(EXERCISE BRIEF): What needs reproducing is the run of lines in the data below starting at the line with "Электрическая зубная щетка" and ending at the line with "Дизайн интерьера кухни", both ends included. Copy it exactly, without pictures, and add nothing.

(EXERCISE INPUTS):
<<<<

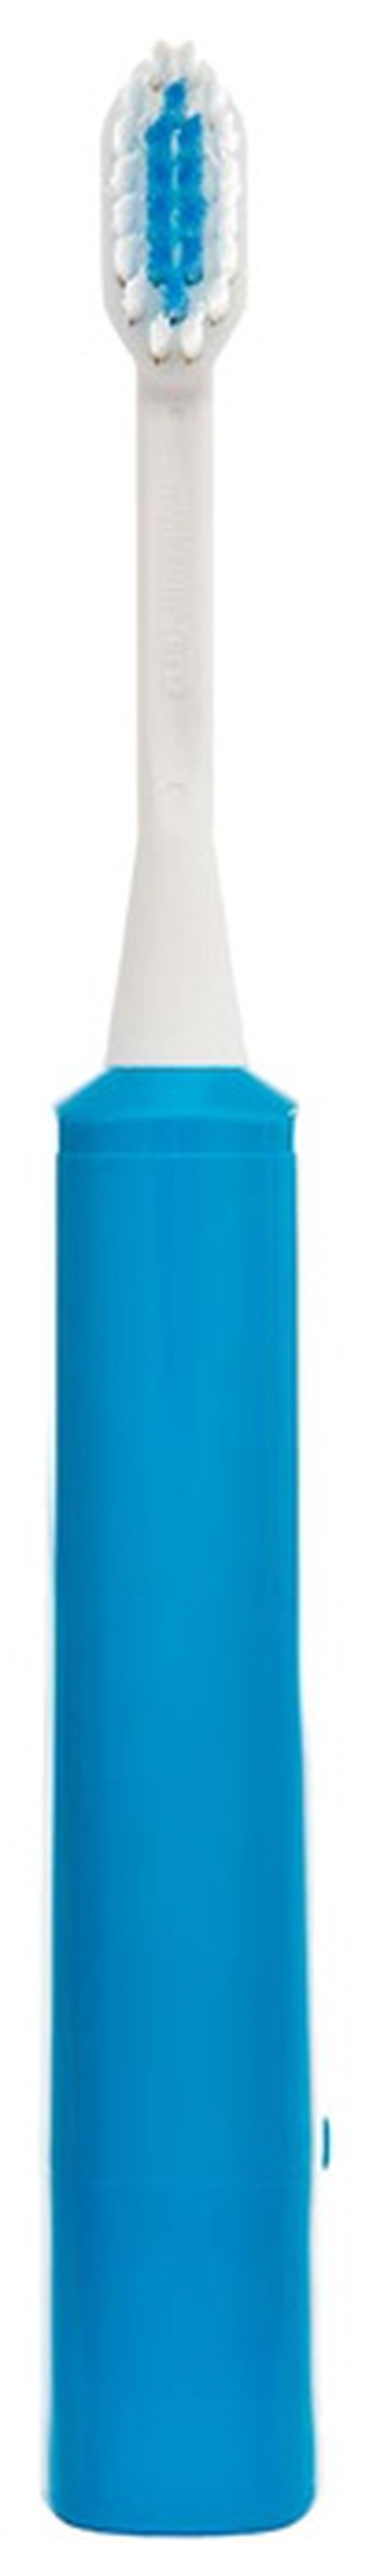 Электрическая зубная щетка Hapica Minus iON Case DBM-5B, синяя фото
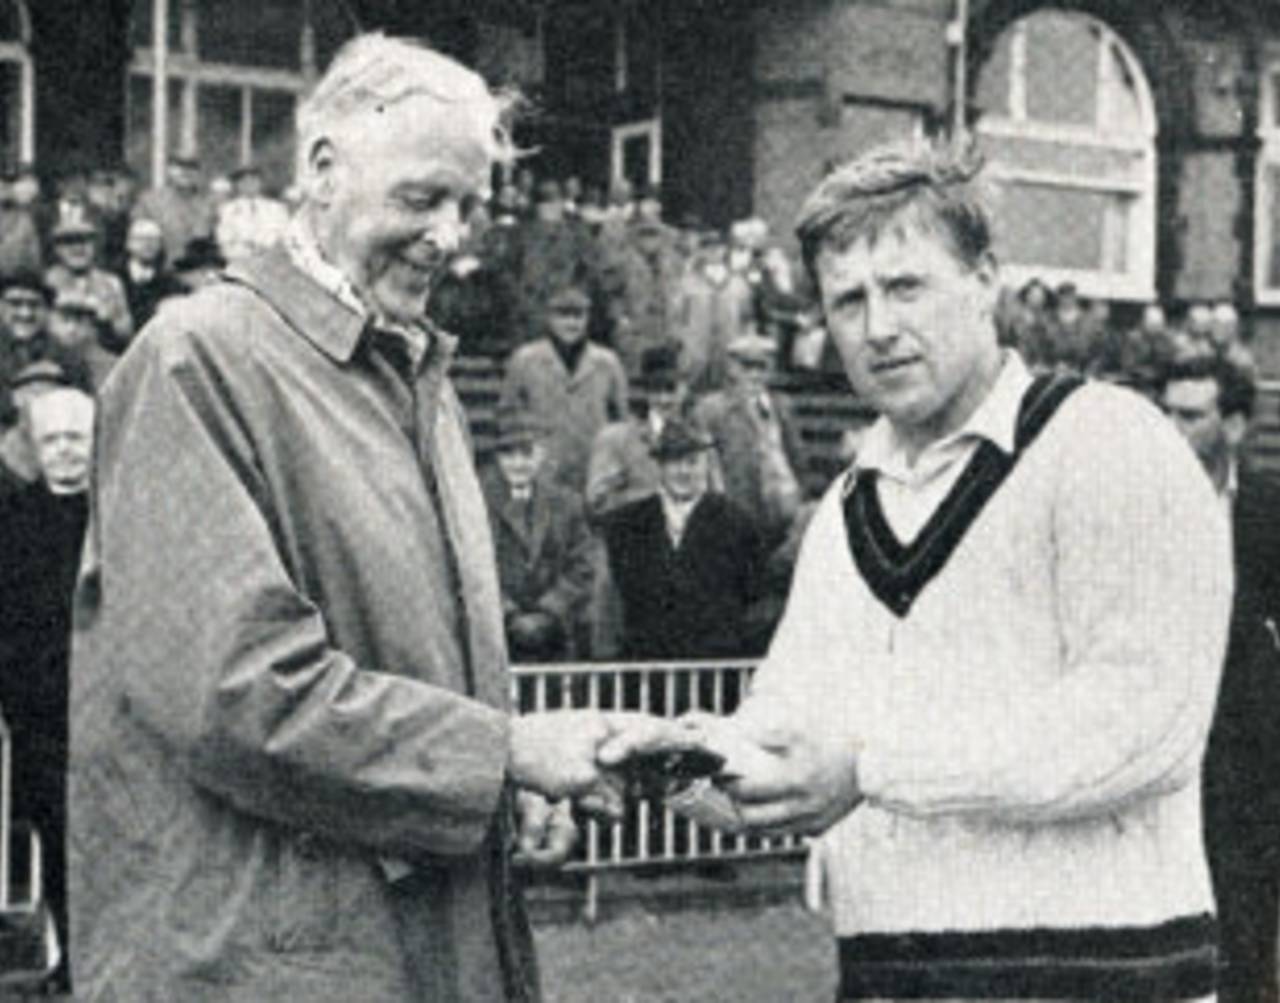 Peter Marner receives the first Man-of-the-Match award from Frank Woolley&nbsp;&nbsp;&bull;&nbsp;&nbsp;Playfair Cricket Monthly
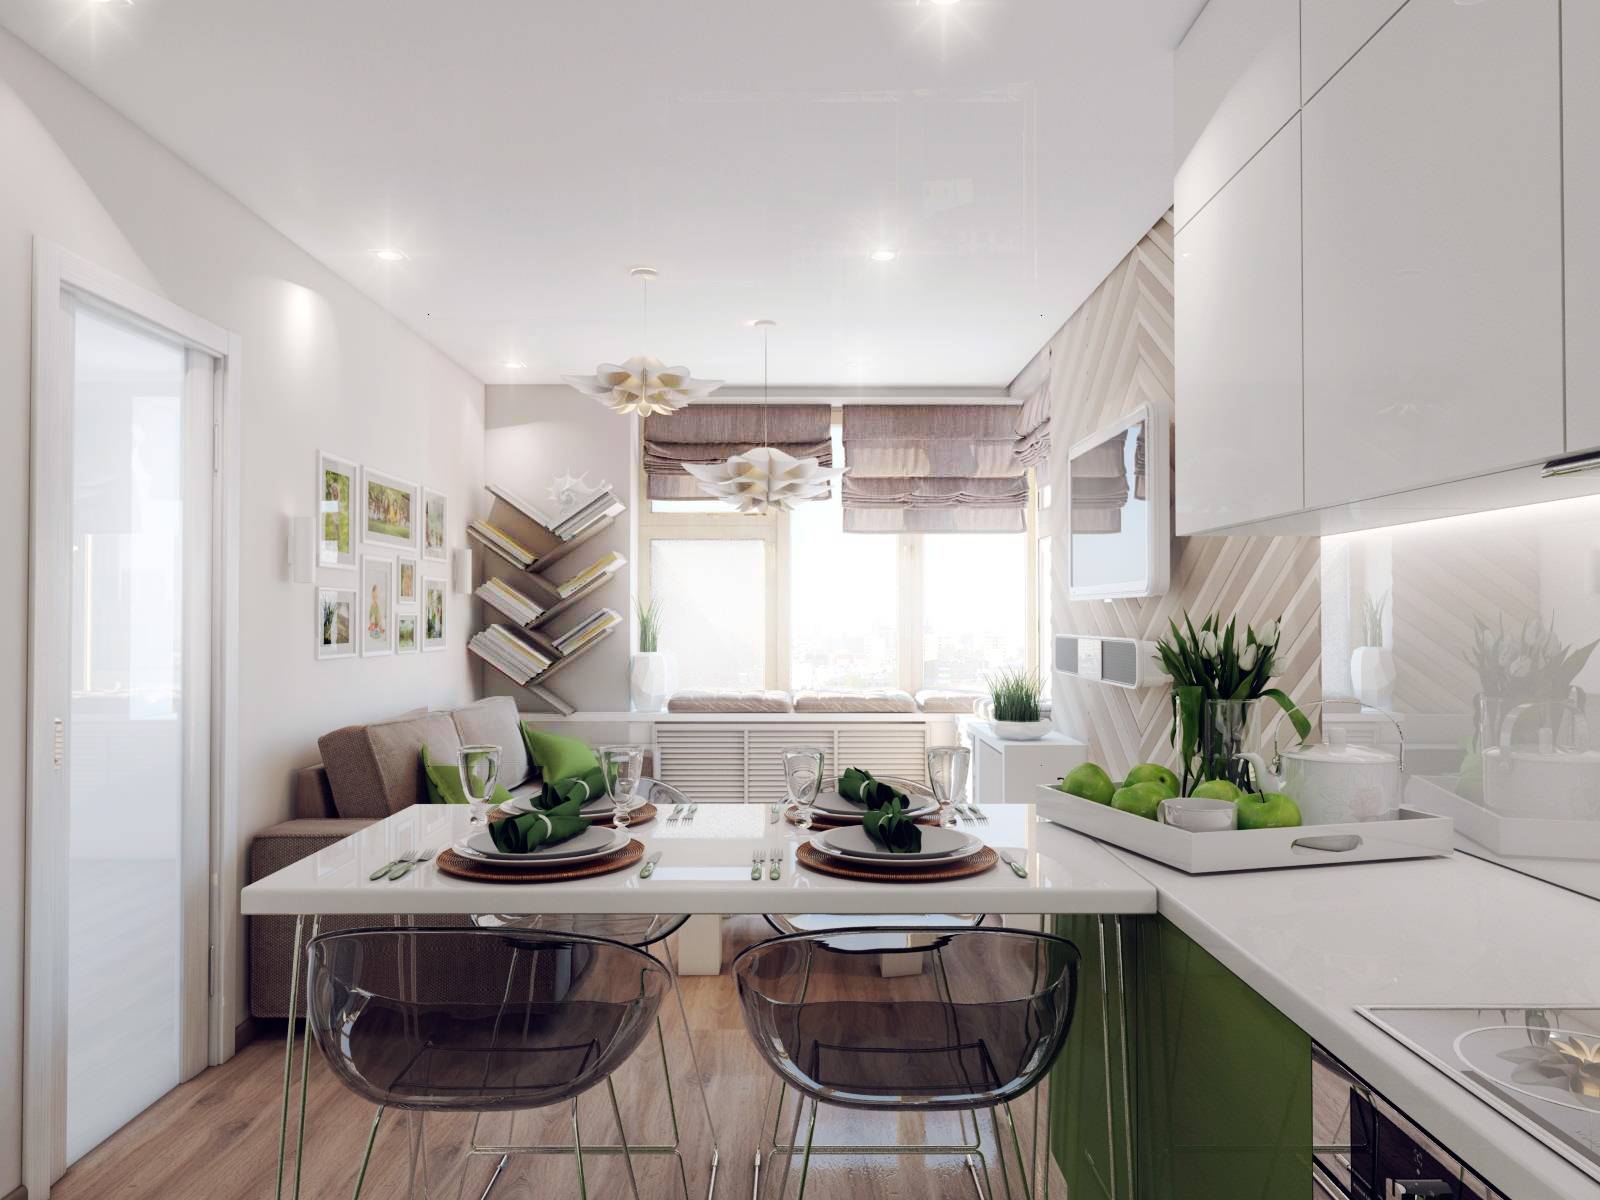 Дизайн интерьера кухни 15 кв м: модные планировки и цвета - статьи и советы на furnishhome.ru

>>>>
<<<<

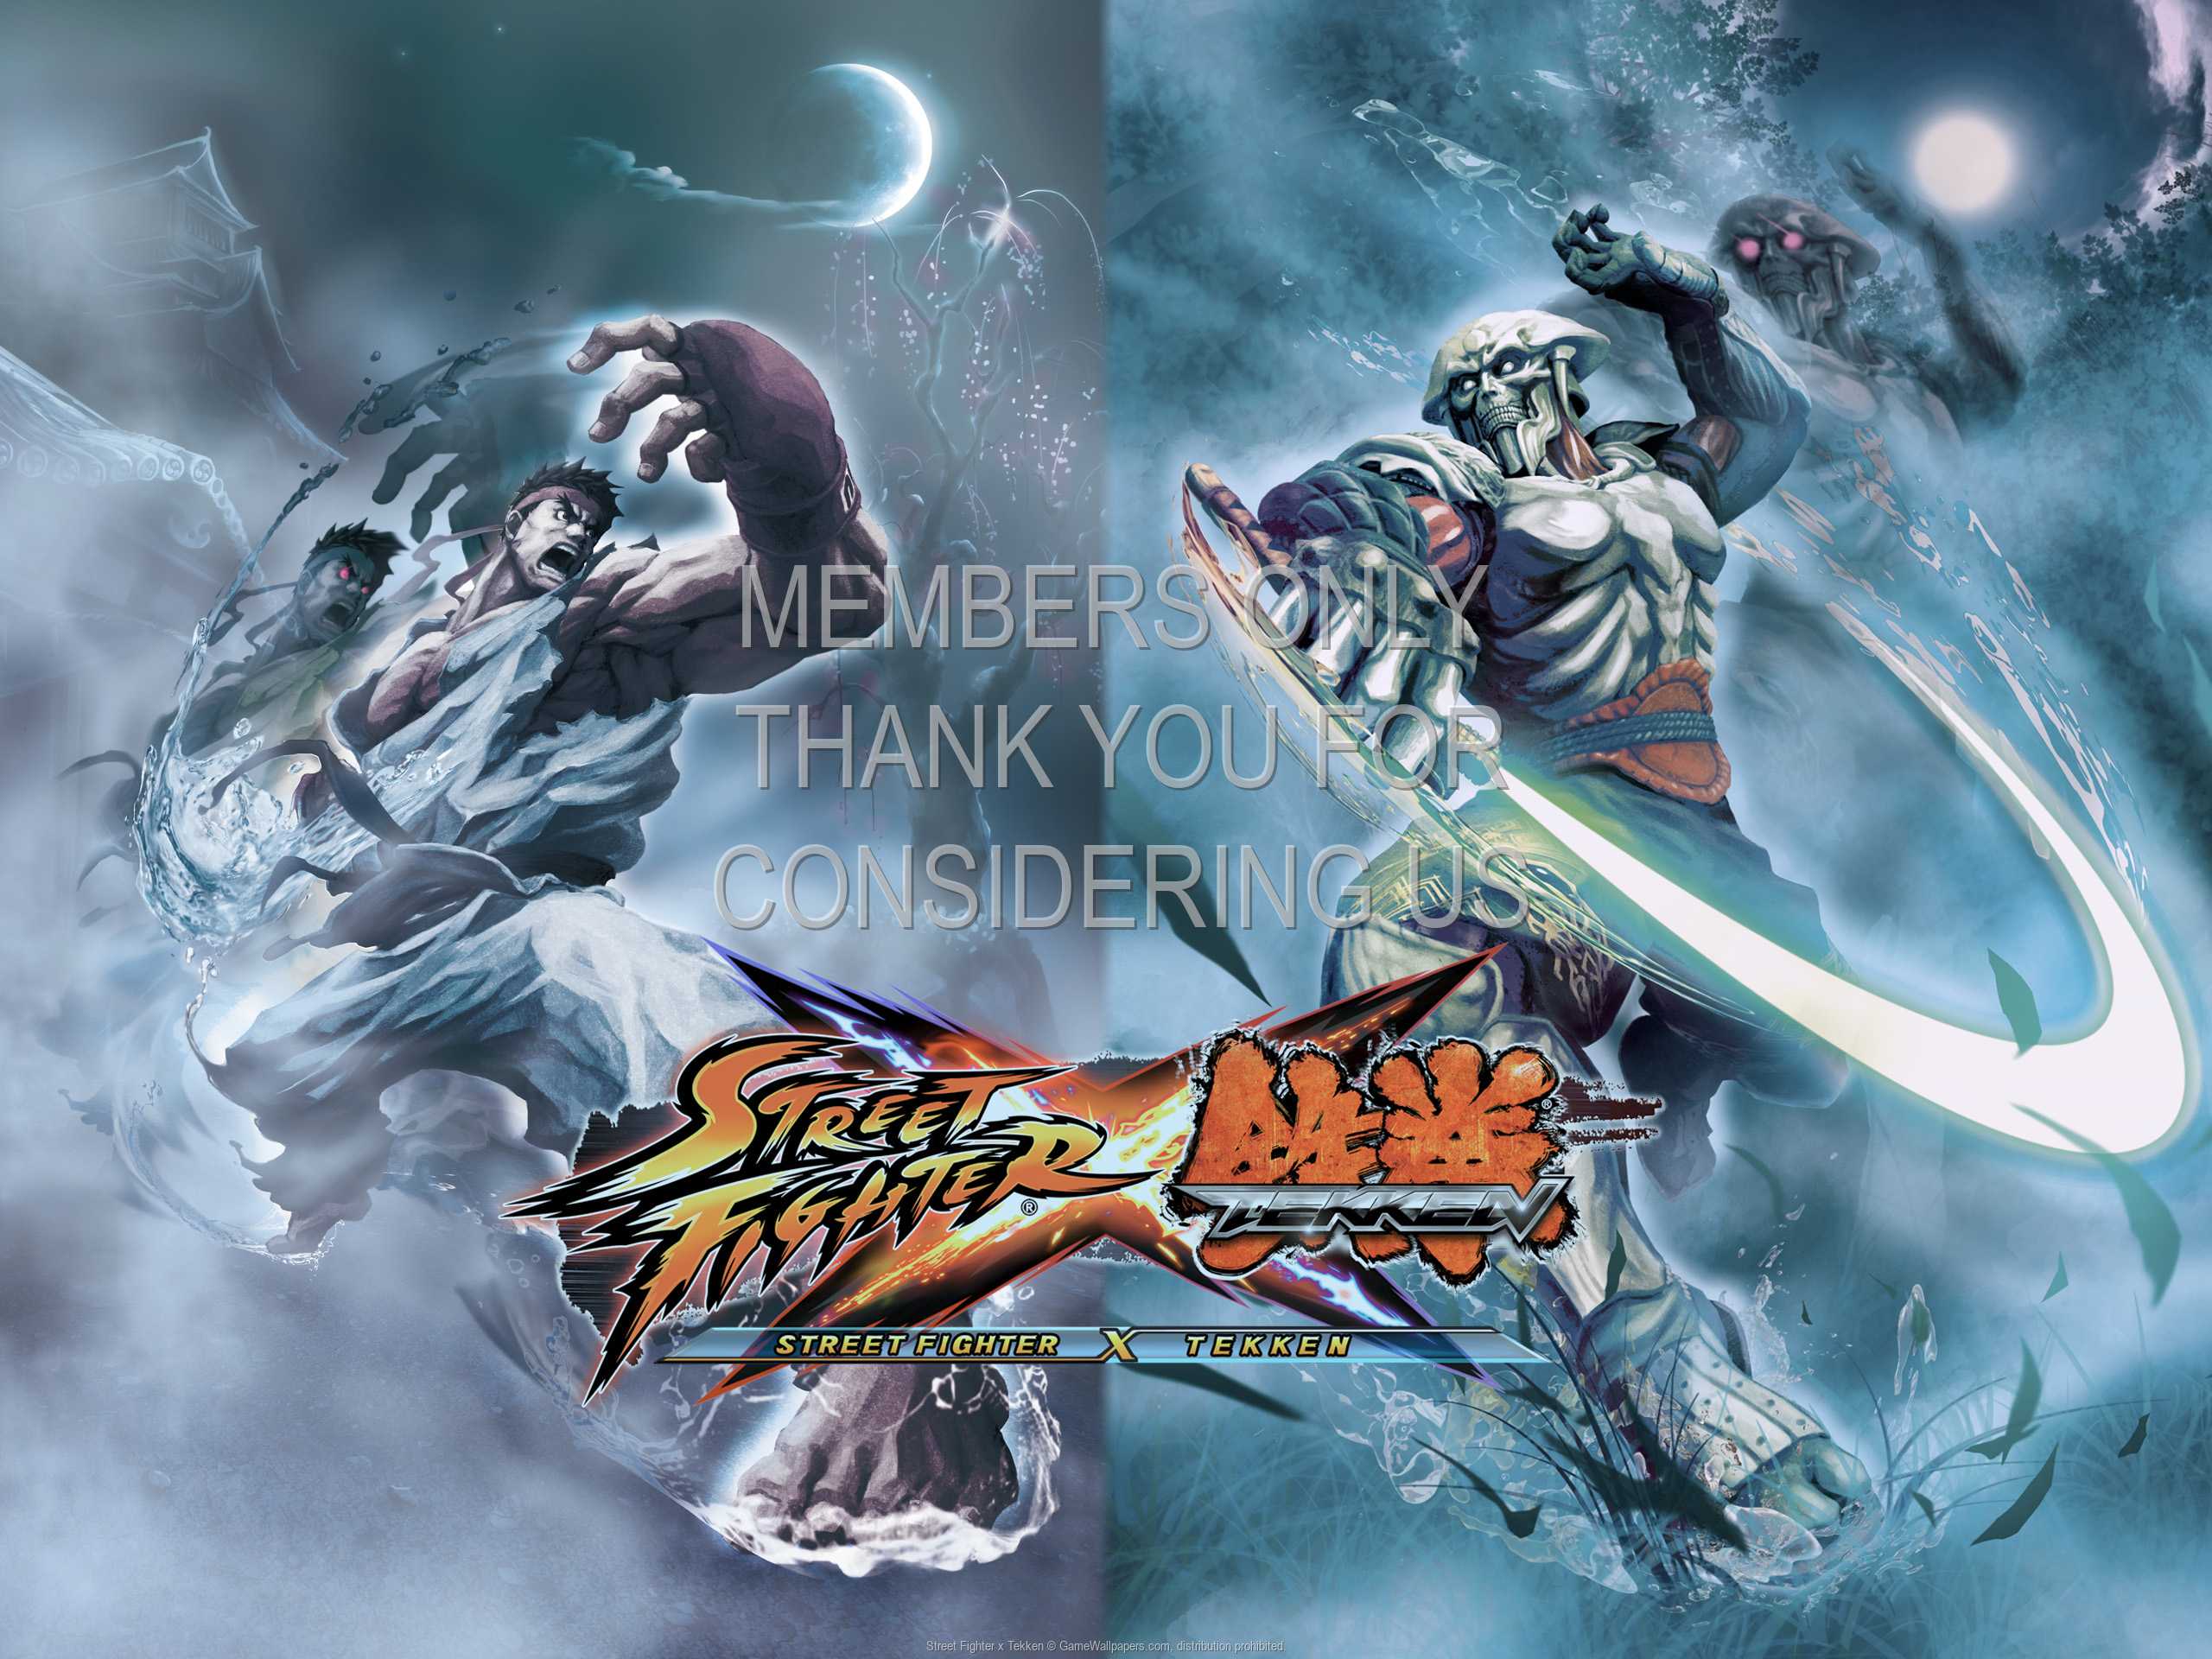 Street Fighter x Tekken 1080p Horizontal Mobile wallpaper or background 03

>>>>

(TASK RESPONSE):
 Электрическая зубная щетка Hapica Minus iON Case DBM-5B, синяя фото
 Peter Marner receives the first Man-of-the-Match award from Frank Woolley&nbsp;&nbsp;&bull;&nbsp;&nbsp;Playfair Cricket Monthly
 Дизайн интерьера кухни 15 кв м: модные планировки и цвета - статьи и советы на furnishhome.ru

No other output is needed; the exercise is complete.